**What you will do**
For the entries that follow, restate word for word the line containing "Edgefield Holdings", the line containing "SB Golden Curry", and every line that lies between them.

**Provided records**
------------------------------------------------------------------------
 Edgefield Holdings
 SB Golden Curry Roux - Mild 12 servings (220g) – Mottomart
------------------------------------------------------------------------
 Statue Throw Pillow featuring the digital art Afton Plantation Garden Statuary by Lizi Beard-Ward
------------------------------------------------------------------------
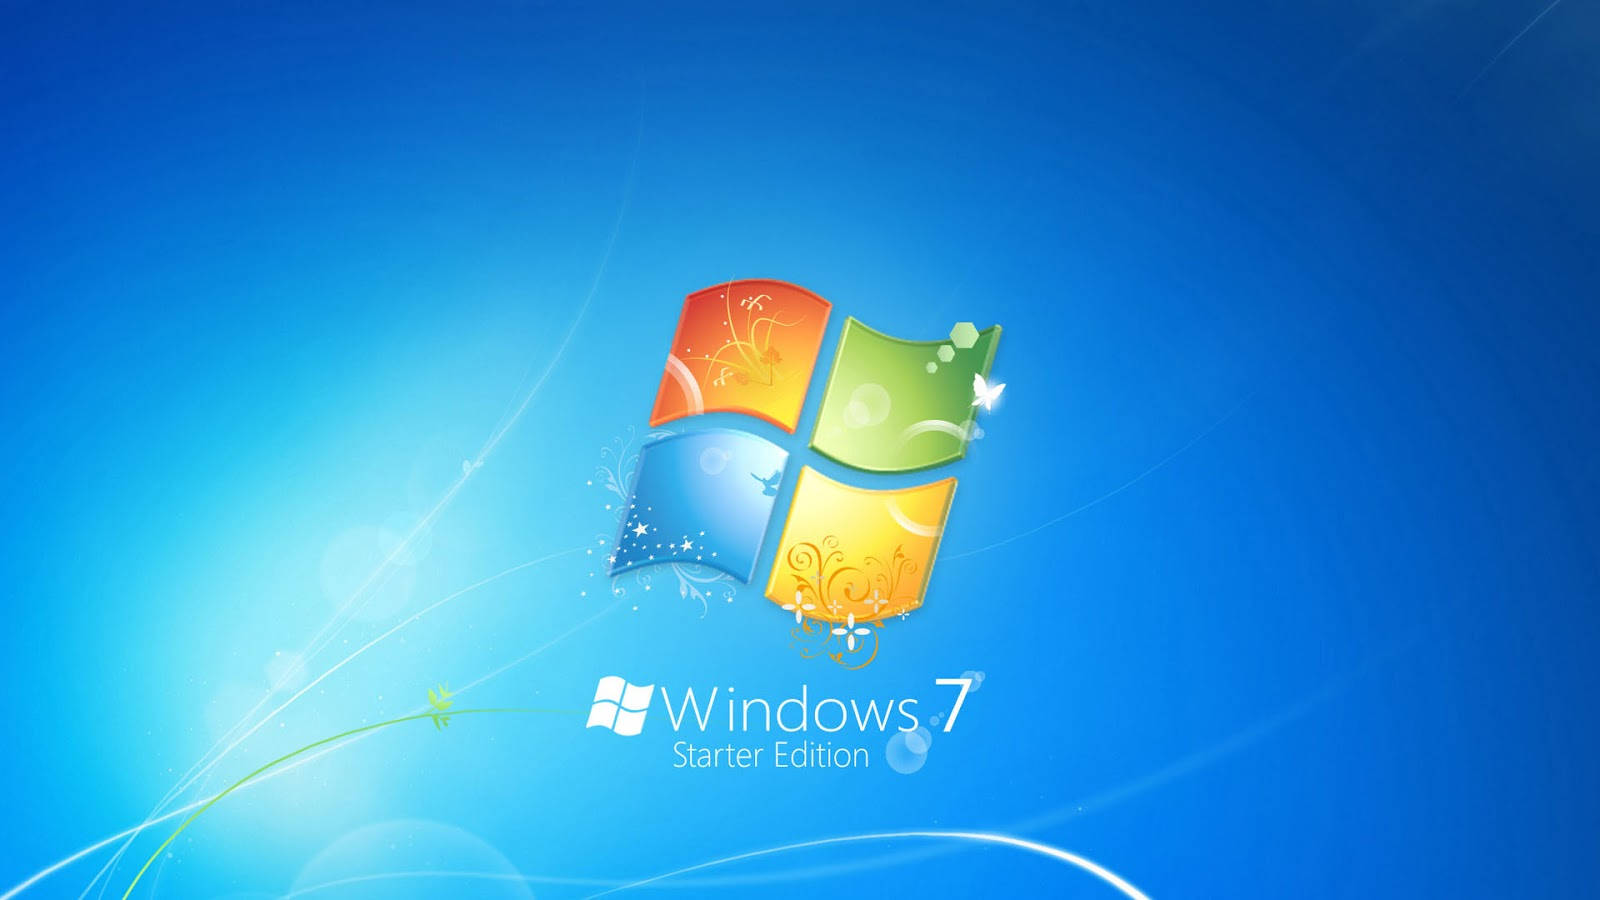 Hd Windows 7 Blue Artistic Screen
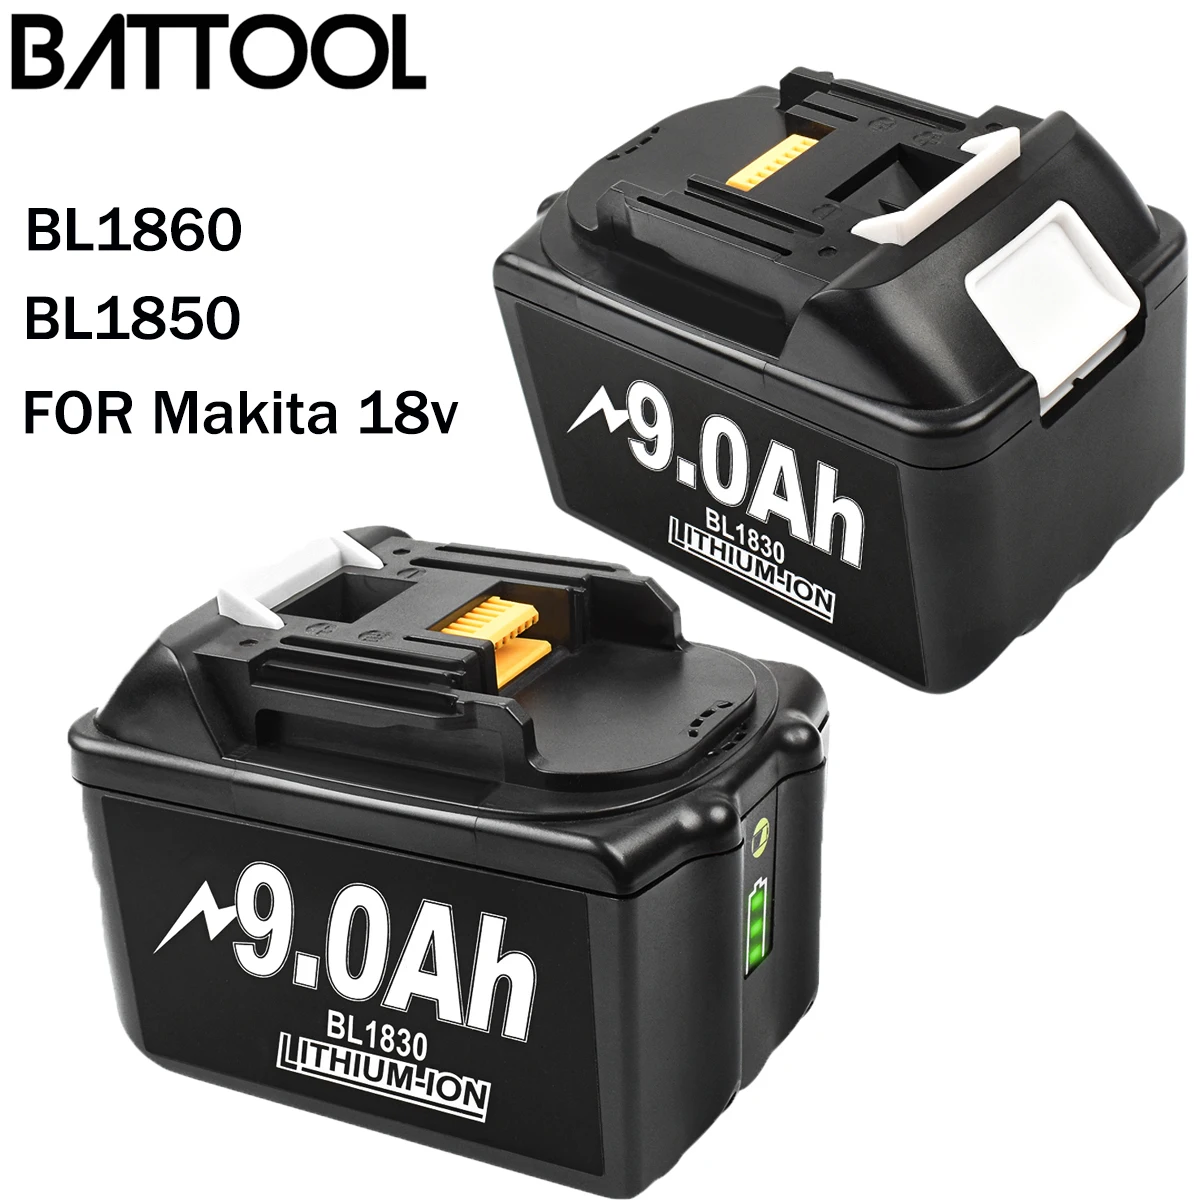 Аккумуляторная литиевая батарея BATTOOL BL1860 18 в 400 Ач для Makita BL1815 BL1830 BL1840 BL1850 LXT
------------------------------------------------------------------------
**Your solution**
 Edgefield Holdings
 SB Golden Curry Roux - Mild 12 servings (220g) – Mottomart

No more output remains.